=== Information provided ===

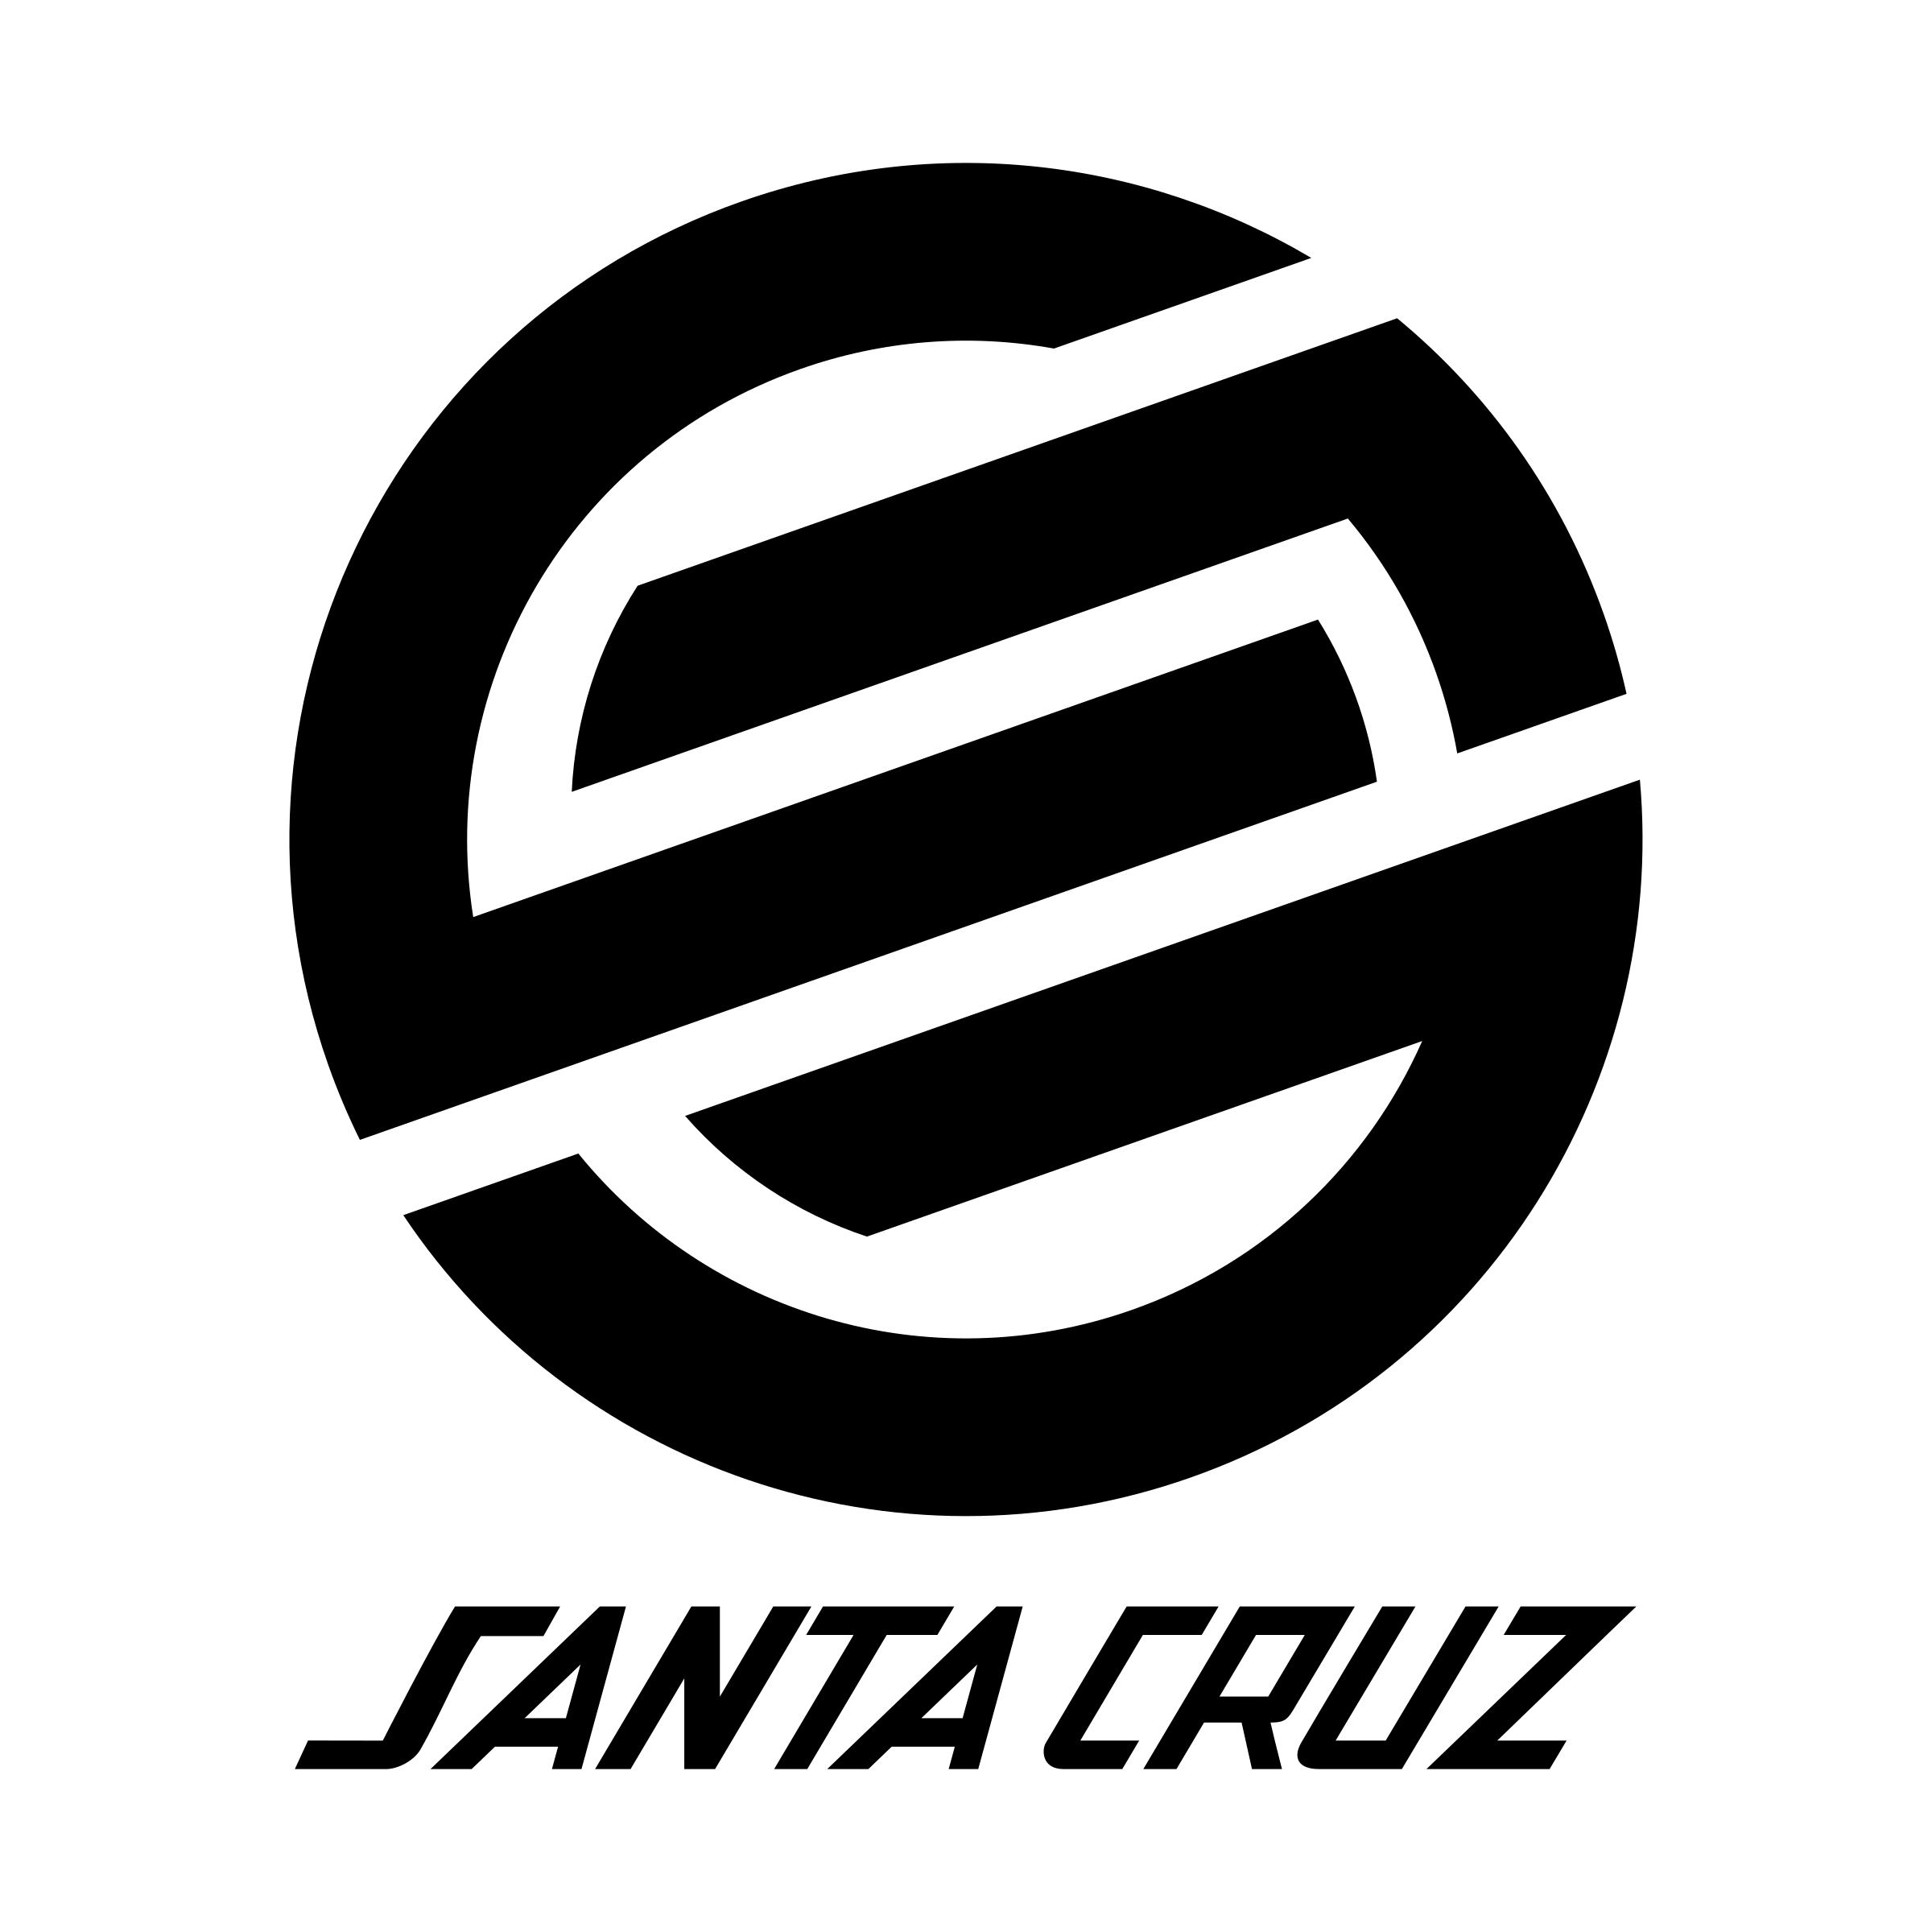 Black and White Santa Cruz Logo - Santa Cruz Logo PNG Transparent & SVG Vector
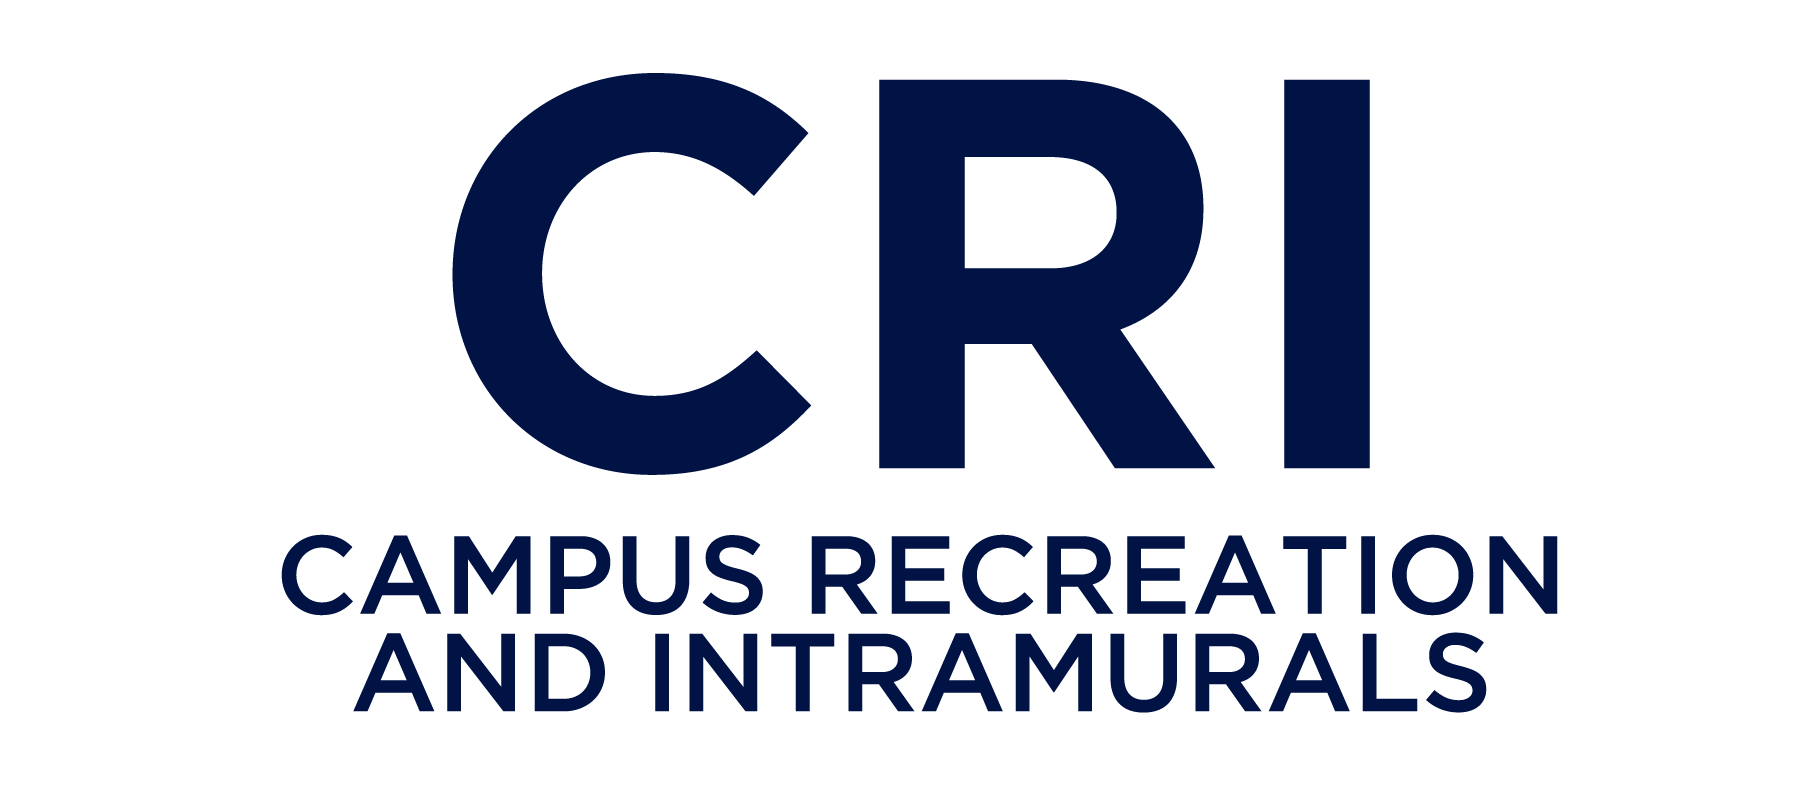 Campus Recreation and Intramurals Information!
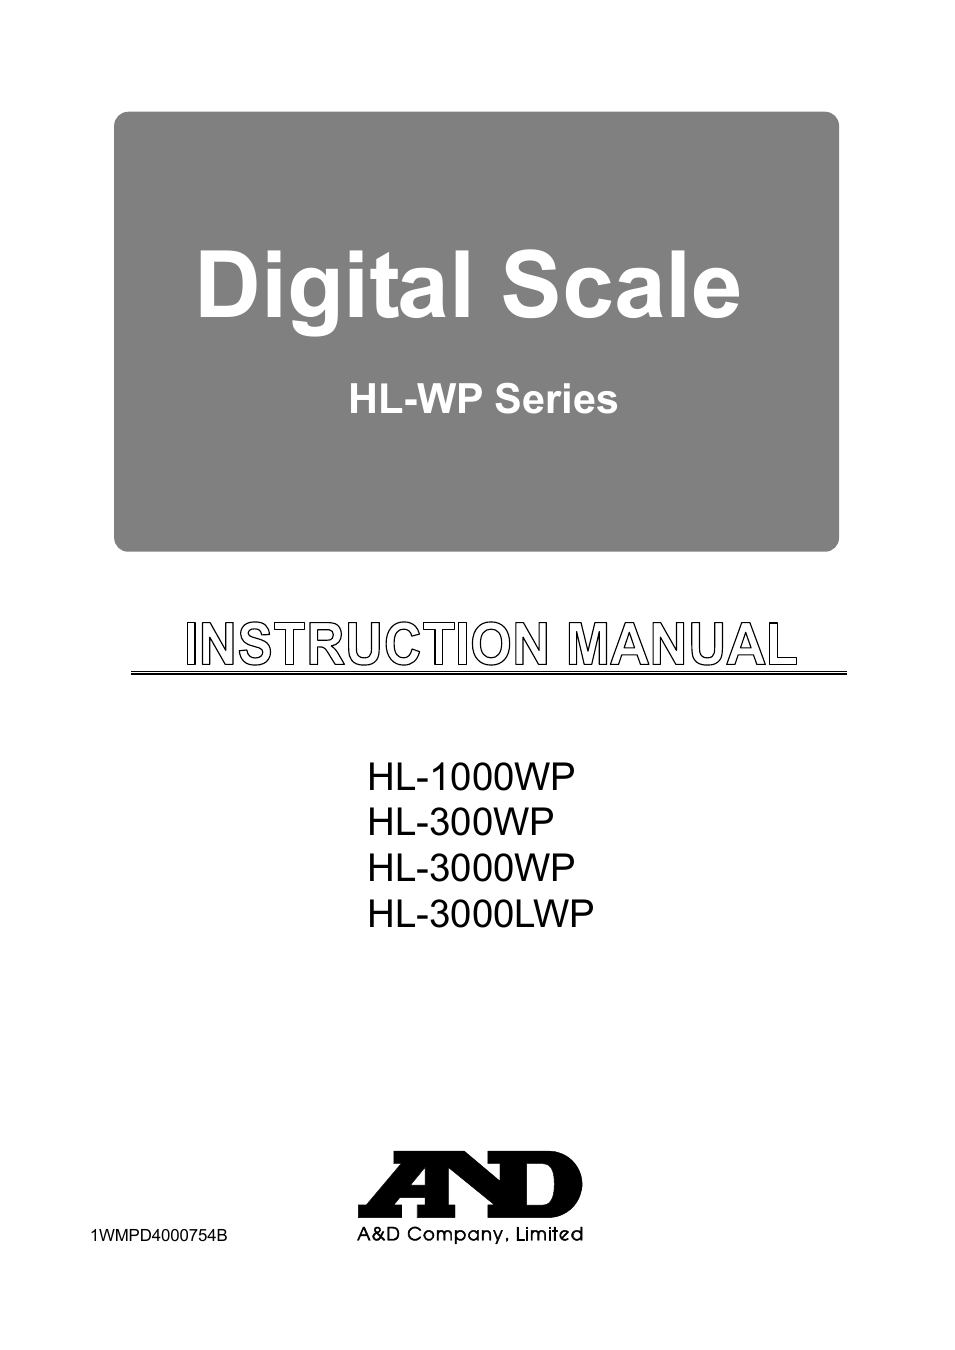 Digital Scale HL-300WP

===

_What the task asks_
An exact copy of every line above, minus the pictures, is the required output.

_Expected output_
 Black and White Santa Cruz Logo - Santa Cruz Logo PNG Transparent & SVG Vector
 Campus Recreation and Intramurals Information!
 Digital Scale HL-300WP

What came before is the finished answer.